Creativity to Save the Human Race!

The doomsday story of the creation of a generation of robots who turn around and destroy the human race has been told many times, but, as I read recently, the lecturer and author Yuval Noah Harari fears a more numbing existential threat – that it is our fate to become totally useless.

Harari is following up his 2014 success, ‘Sapiens: A Brief History of Humankind’, with ‘Homo Deus: A Brief History of Tomorrow’.

School-ExamsPut simply, the premise is that the cliché of not being able to predict what skills current generations entering education will need when they leave, reaches it’s logical conclusion. No-one studies anything relevant, and everyone enters the workplace completely useless as Artificial Intelligence gets smarter and smarter. He says, “Children alive today will face the consequences. Most of what people learn in school or in college will probably be irrelevant by the time they are 40 or 50. If they want to continue to have a job, and to understand the world, and be relevant to what is happening, people will have to reinvent themselves again and again, and faster and faster.”

Harari thinks that humans have two kinds of ability that make us of use; physical ones and cognitive ones – whereas robots need only to be able to do the required task well.

I would go further and say that what really makes special (useful?) is our creativity. . . there is no reinvention, or indeed invention, without it.

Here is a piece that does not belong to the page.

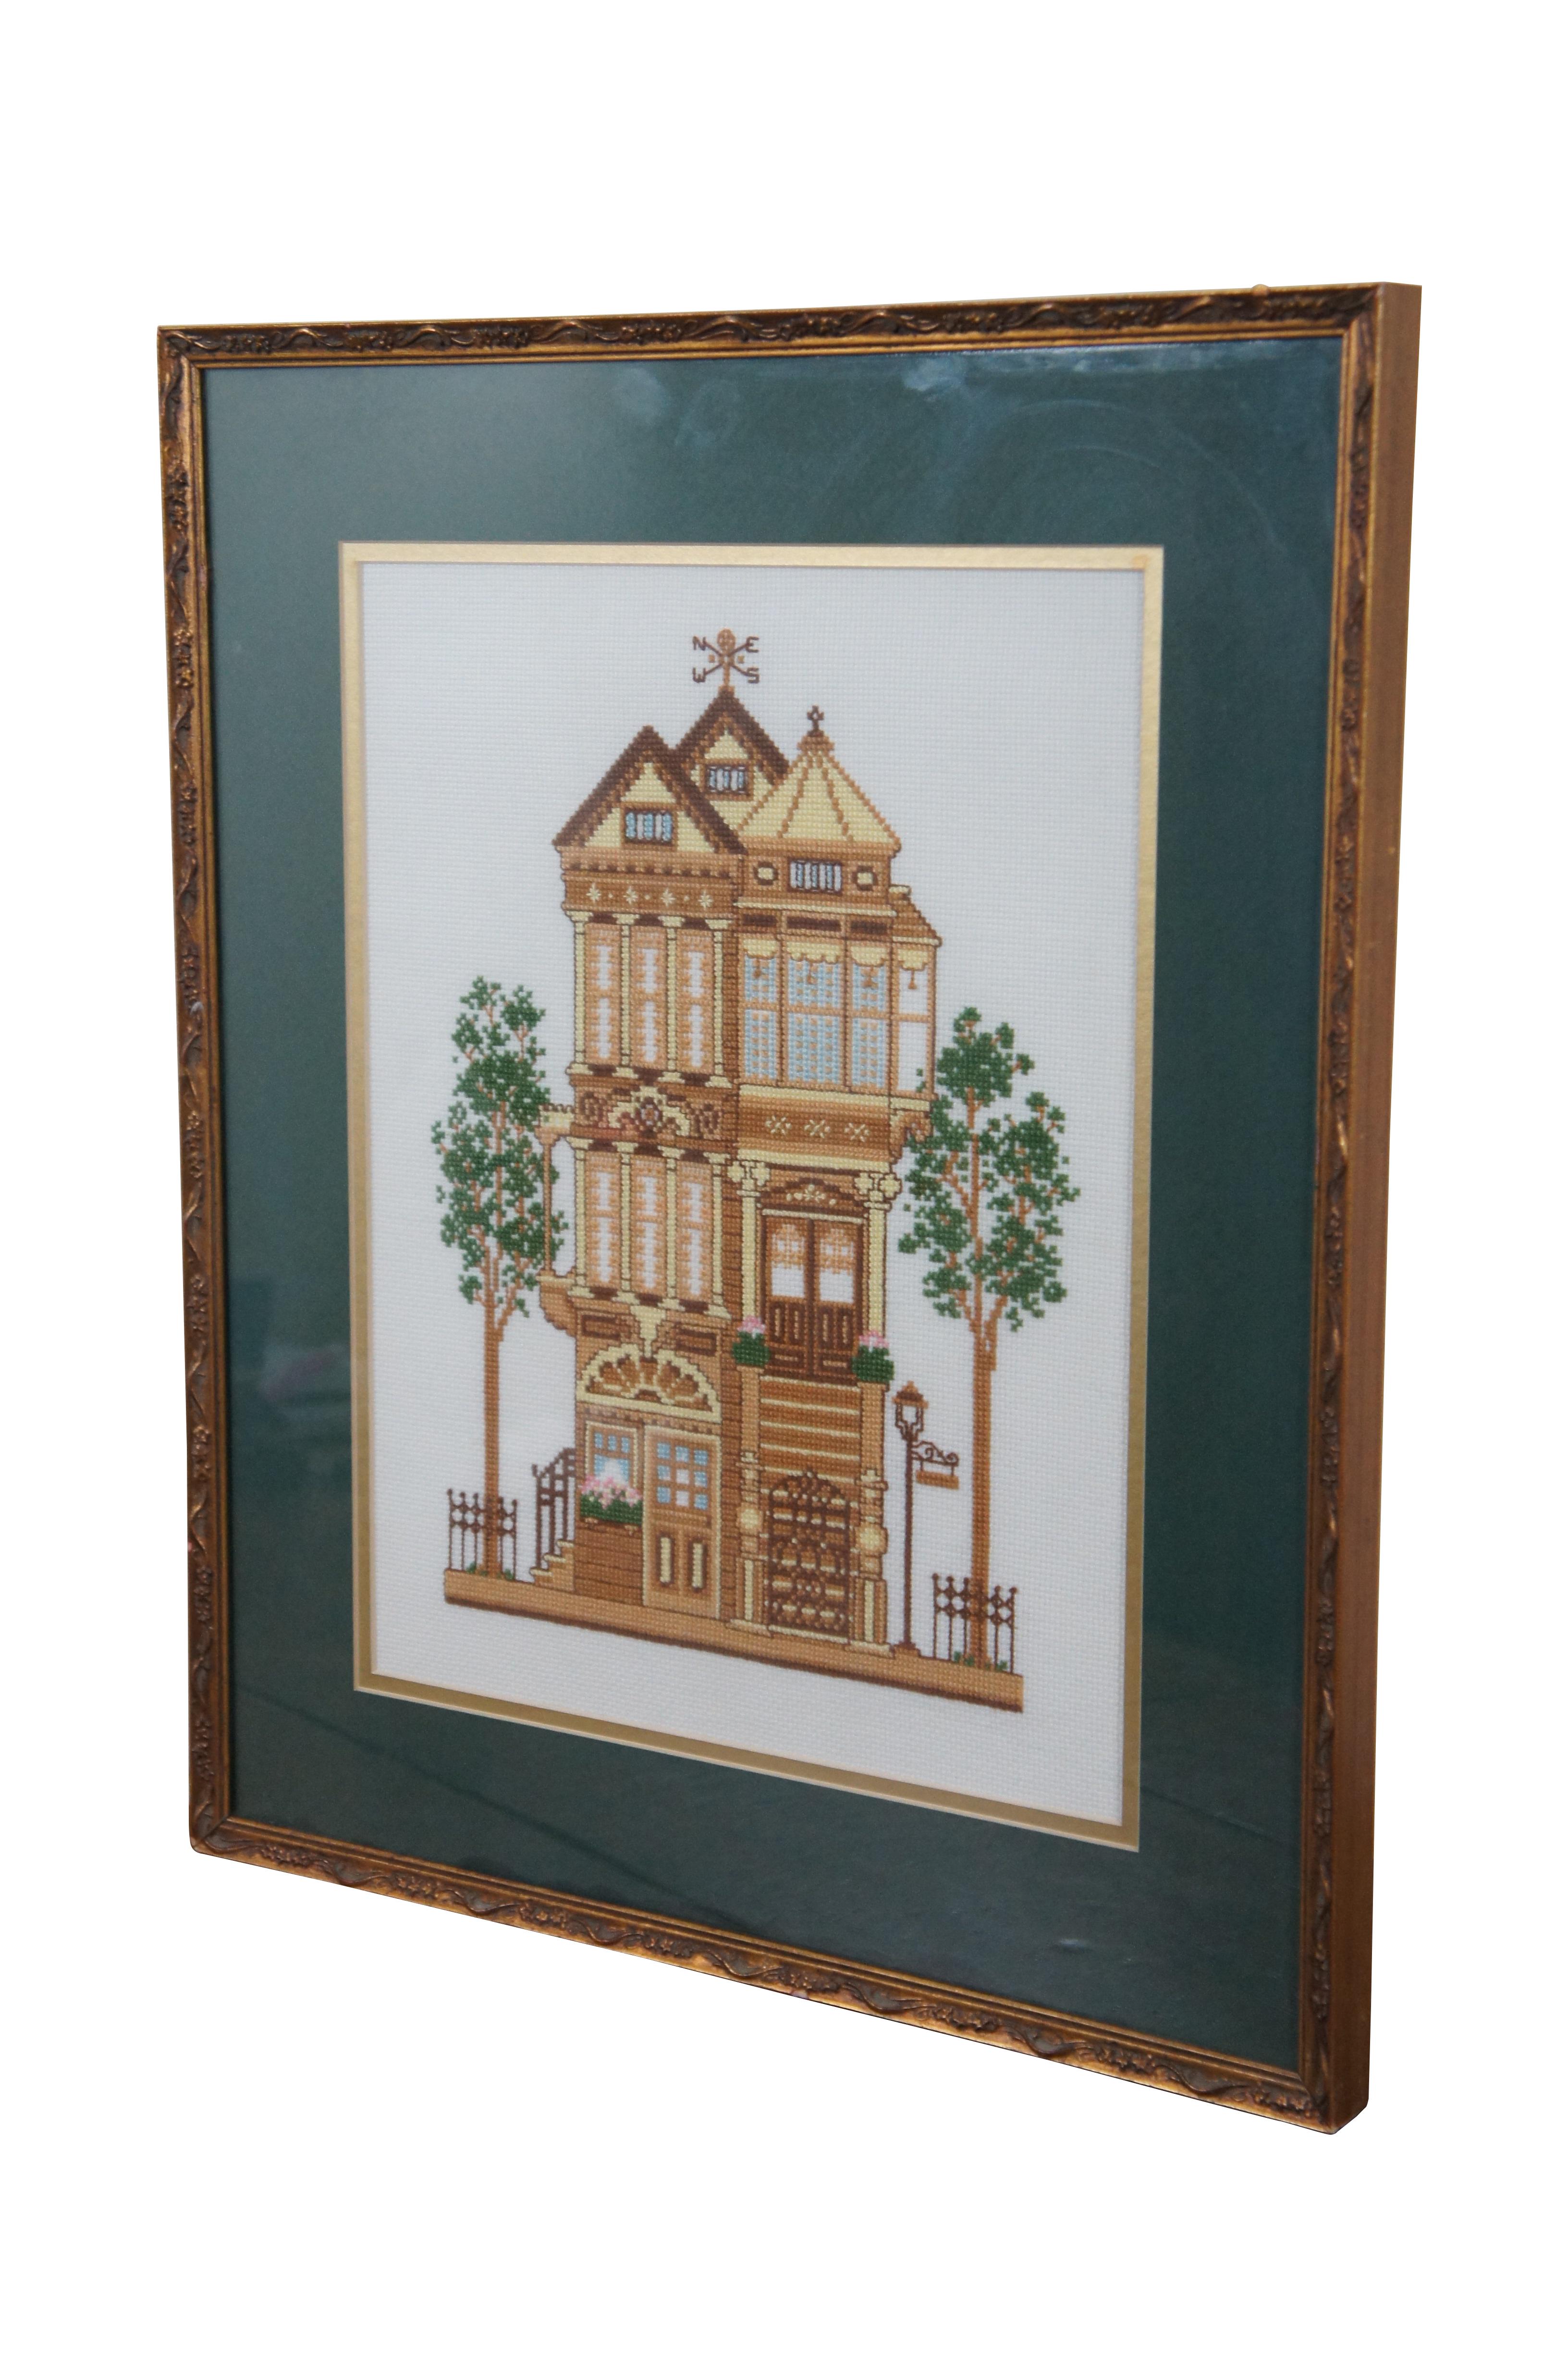 Framed piece of completed needlwork depicting a turn of the century yellow Victorian house, from the 1983 Sunset brand counted cross stitch kit #2945. Framed in a distressed gilded floral frame.

Dimensions:
16.75

Those of us who believe in the power of creativity, and it’s value in our education system will see Harari’s scary viewpoint as nothing new – but our ability to change, to shift, to meet this inexorable development is almost embarrassingly slow.robot teacher SS

Many of us are doing our best to encourage our children and young people to think creatively; to play with and without purpose; to make real their own ideas, no matter how unusual they may be, and we need all the help we can get to convince those who lay down the law that our way is more important than box ticking.

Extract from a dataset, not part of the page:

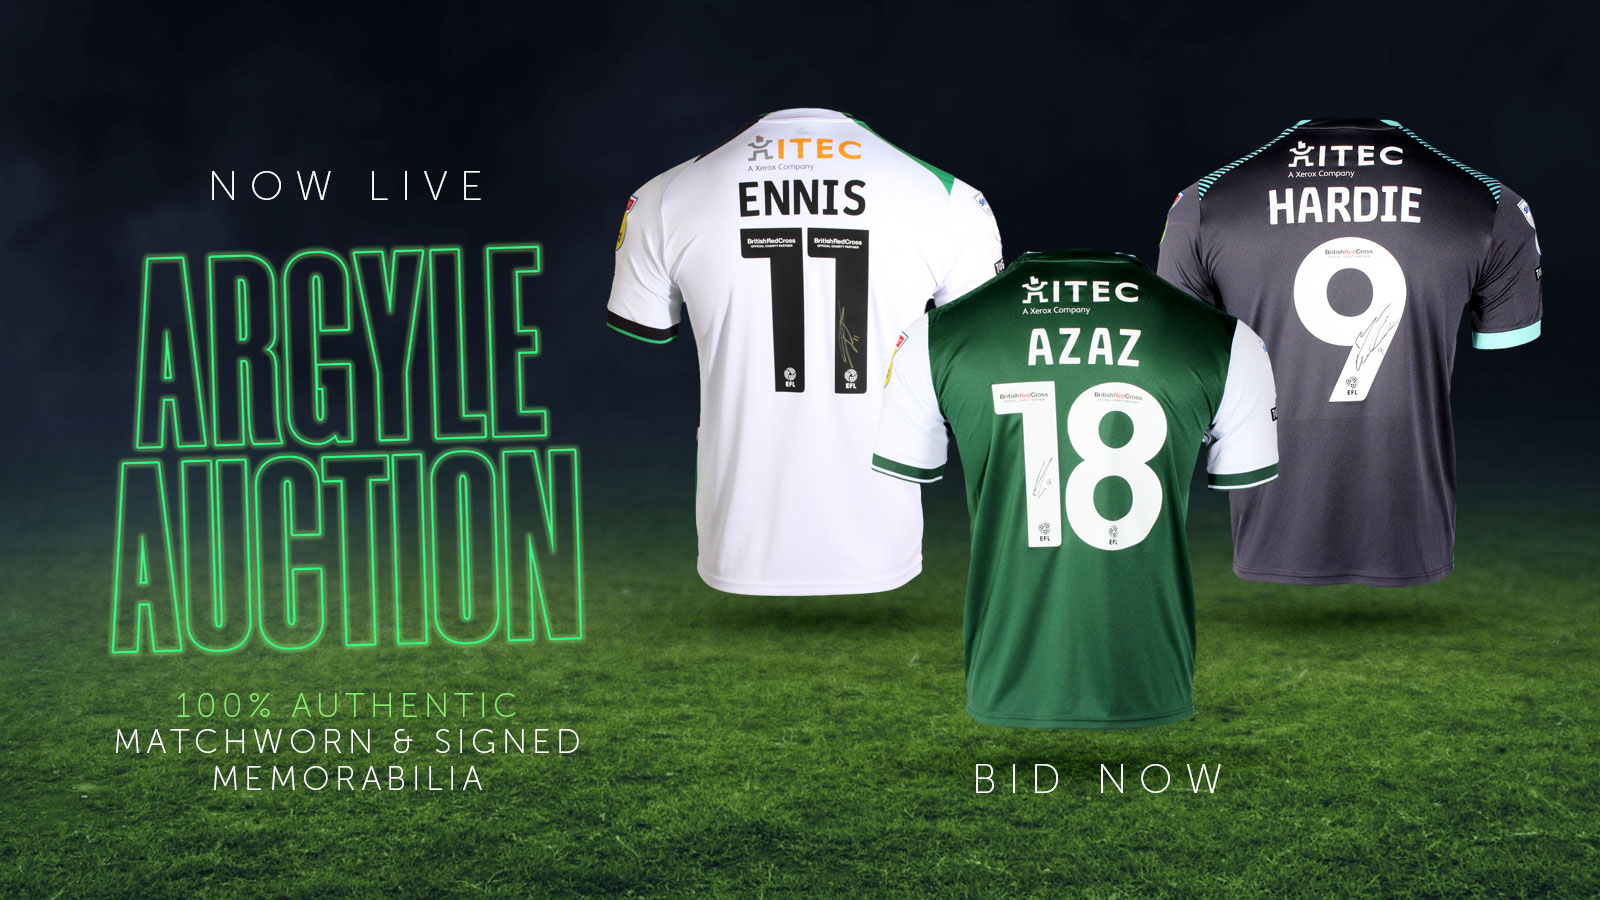 Bid to win with Argyle Auction

Harari argues that development of A.I.
should be on the political agenda and not left to scientists and private corporations who,   ” . . . don’t necessarily have the vision and the legitimacy to decide the future course of humankind.” And that although the state will probably be able to provide for the people, “What might be far more difficult is to provide people with meaning, a reason to get up in the morning.”

So I hope that the prospect that we may need creativity to save the human race might ruffle sufficient feathers to swing the educational behemoth a little further round to our way of thinking  . . . before it’s too late!!